Additional Wisdom about Joins

I love the primer because of his use of Venn Diagrams. The first time I worked with SQL Joins, memories of middle school math lessons about Venn Diagrams popped into my mind. While nothing he wrote is incorrect, I wish to add to it and flesh out your knowledge of SQL Joins.

Let me give you a brief run down of the tables in the Kung Fu Temple Gift Shop Database, and how they are related. The tables we will be using are listed below. I’ve listed the Primary Keys, but have not yet set up Foreign Keys relationships. We’ll discuss those in a later lesson.

Table NamePrimary Key
CustomersCustomerID
ProductsProductID
OrderMasterOrderID
OrderDetailsOrderID, LineNo

Inner Join

The Inner Join is most commonly used and is in fact the default join type. This type of join only returns records which match from both tables. There are two basic ways to write it. Let’s link the Order Master and Order Items tables and return a few fields from each.

Select
  OM.OrderID
 ,OM.CustomerID
 ,OM.OrderDate
 ,OD.[LineNo]
 ,OD.ProductID
 ,OD.OrderQty
From
  dbo.OrderMaster OM
 ,dbo.OrderDetails OD
where
  OM.OrderID = OD.OrderID

Does that code look strange to you? Well, if you’ve been following my writings, it should. Some of the M2M Reports, which I’ll cover in a later lesson, use this old syntax and there is technically nothing wrong with writing it. The optimizer processes it the same way as the syntax I will cover in a minute and it runs just as fast. However, Master Po has forbidden it as an affront to the laws of nature, so you will never see me use it again. Why? I’m glad you asked.

  1. It’s hard to read. This example looks simple because it only includes two tables. However, when more tables are involved its just too easy to forget one of the Where clause conditions. Therefore, using this joining method is…..
  2. Dangerous. If you forget to include a table join in the Where clause, you will create a cartesian product with that join. A cartesian product returns every combination of each table where the join is either missing or invalid. For example, in our Kung Fu Gift Shop database there are 4 records in Order Master and 5 in Order Items, if we neglect to add the Where clause, the recordset jumps to 20 (4 * 5) records. In a production database with millions of rows in each table, the result set becomes ridiculously large. Also, every additional join you miss exponentially increases your recordset.

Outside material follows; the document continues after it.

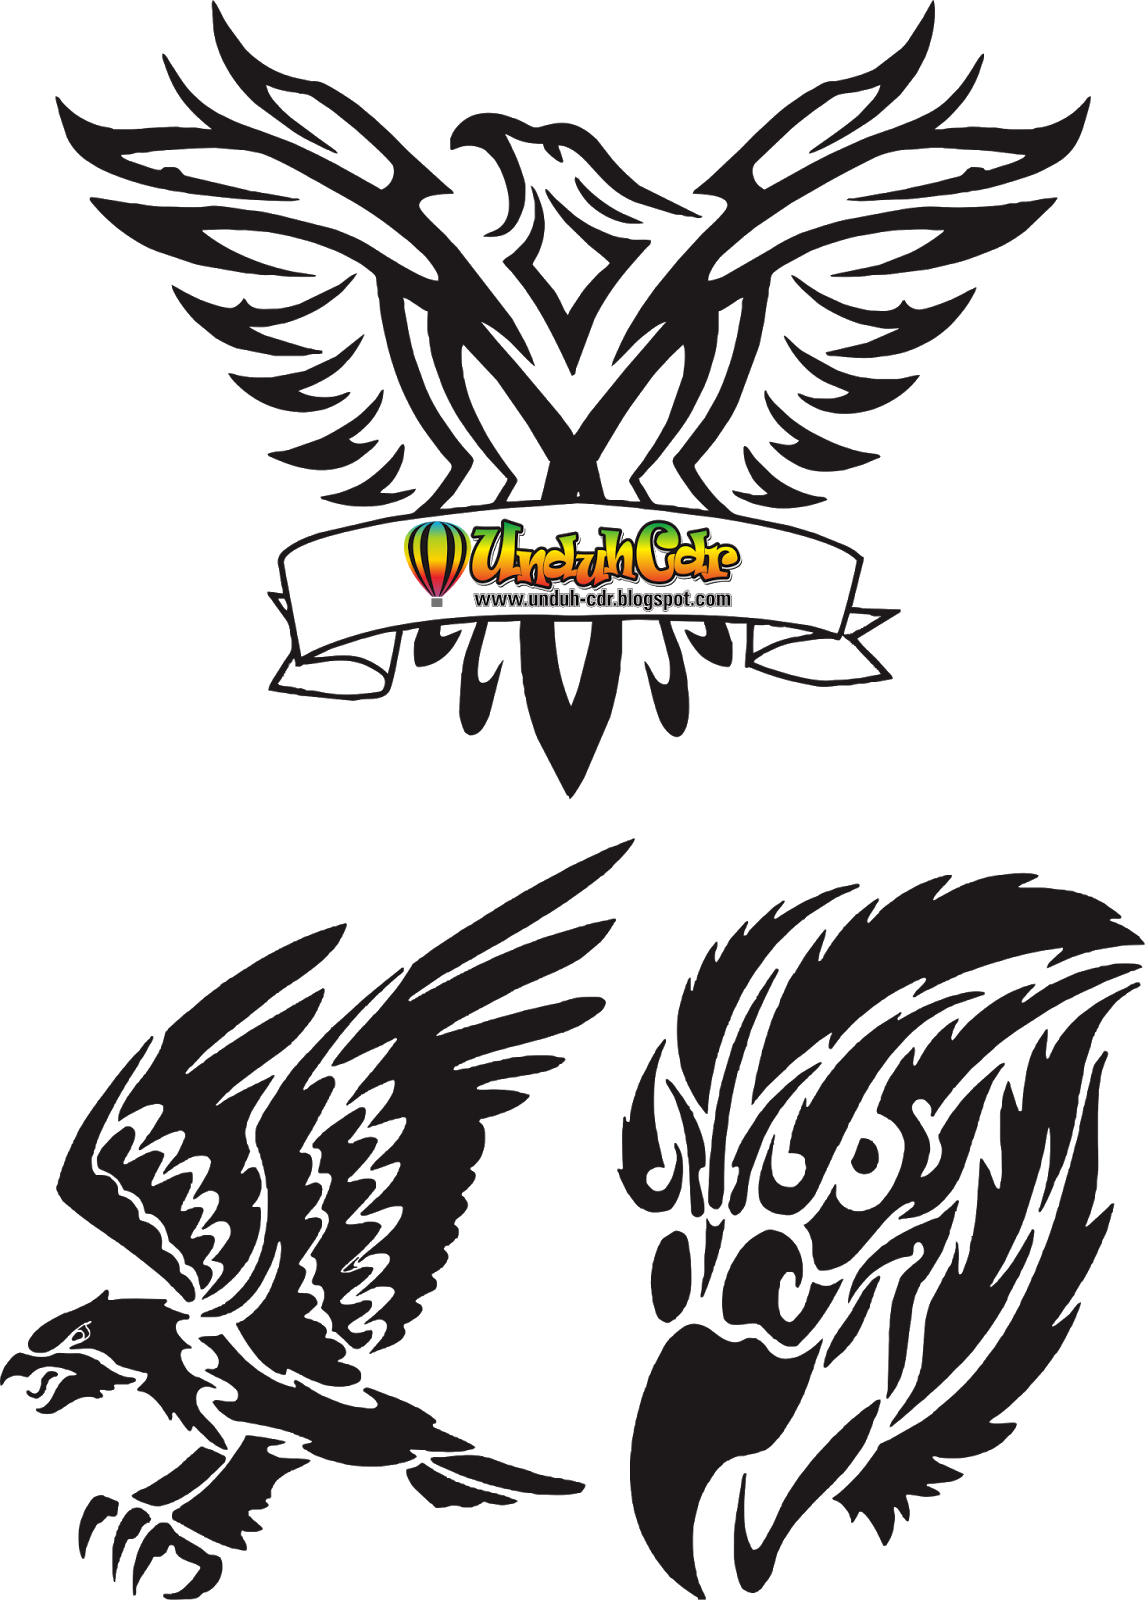 Gambar Unduh Cdr Gratis Download Tatto Elang Vector File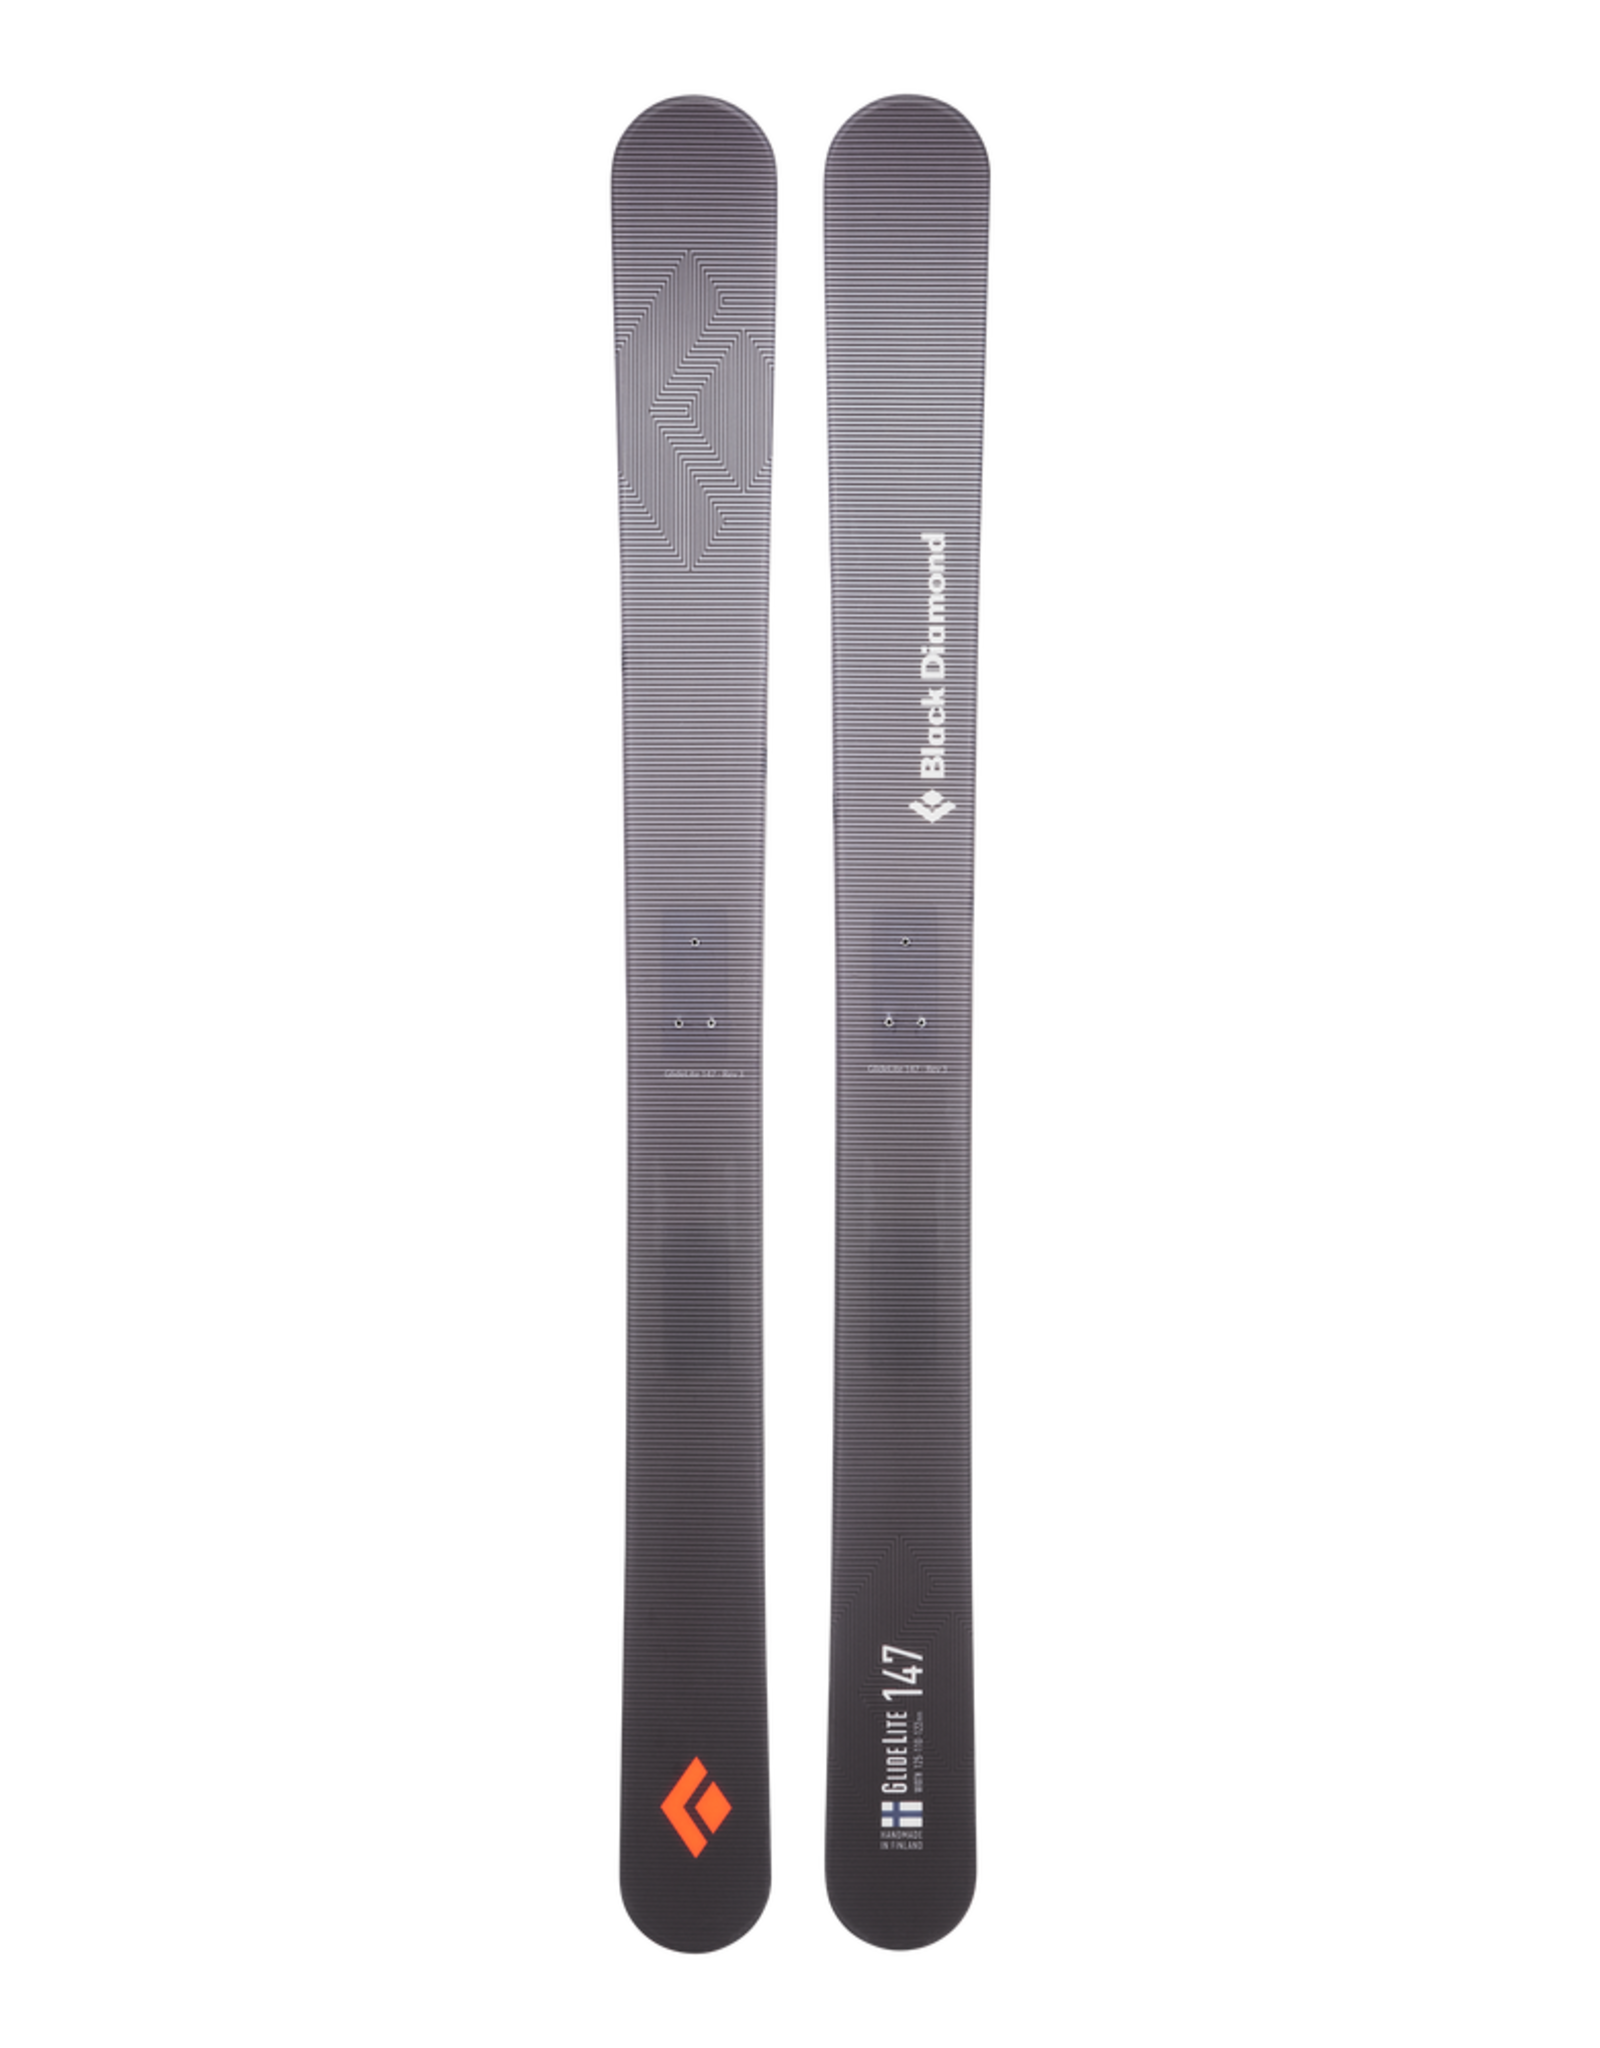 Black Diamond Black Diamond 2022 GlideLite 147 Trek Skis Flat (w/o Bindings)

For these reasons we will explicitly the Join this way:

SELECT
  OM.OrderID
 ,OM.CustomerID
 ,OM.OrderDate
 ,OD.[LineNo]
 ,OD.ProductID
 ,OD.OrderQty
FROM
  dbo.OrderMaster OM INNER JOIN dbo.OrderDetails OD ON OM.OrderID = OD.OrderID

In T-SQL the use of the word Inner is optional as well. I personally add it, but many don’t.

SELECT
  OM.OrderID
 ,OM.CustomerID
 ,OM.OrderDate
 ,OD.[LineNo]
 ,OD.ProductID
 ,OD.OrderQty
FROM
  dbo.OrderMaster OM JOIN dbo.OrderDetails OD ON OM.OrderID = OD.OrderID

Please note that you can mix both styles in the same query, but I don’t recommend it for the same reasons.

SELECT
  OM.OrderID
 ,OM.CustomerID
 ,OM.OrderDate
 ,OD.[LineNo]
 ,OD.ProductID
 ,OD.OrderQty
FROM
  dbo.Products PRO, dbo.OrderMaster OM -- Do Not do this. 
  JOIN
    dbo.OrderDetails OD
  ON OM.OrderID = OD.OrderID
WHERE
  PRO.ProductID = OD.ProductID -- Join between Products and Order Details.

Outer Joins – Left, Right, and Full

Left Outer Join

The Left Outer Join returns all of the records (not filtered by a where clause) from the field to the left of the Join and then any corresponding records from the table to the right of the Join. The records from the first (left) table are returned even if there are no corresponding records in the other table. As with other Joins the word Outer is optional as well. Left Outer Join works the same as Left Join.

For example, lets say that Master Po wants a list of all of the Kung Fu Temple Gift Shop’s customers and any of the orders they have placed. You could write this query two ways. First, let’s use a Left Outer Join.
Option 1 Left Outer Join

SELECT
  CUST.CustomerID
 ,CUST.Title
 ,CUST.CustFirstName
 ,CUST.CustLastName
 ,OM.OrderID
 ,OM.OrderDate
 ,OM.DueDate
 ,OM.PONo
FROM
  dbo.Customers CUST
  Left JOIN dbo.OrderMaster OM
    ON CUST.CustomerID = OM.CustomerID

Take a look at the first couple rows of the result set for this query. 5 Total Records were returned.

My name is listed twice because I placed 2 orders. Also, notice the Null values for Master Kan? The values for Order Master fields is null because there is a customer record for him but he hasn’t placed any sales orders.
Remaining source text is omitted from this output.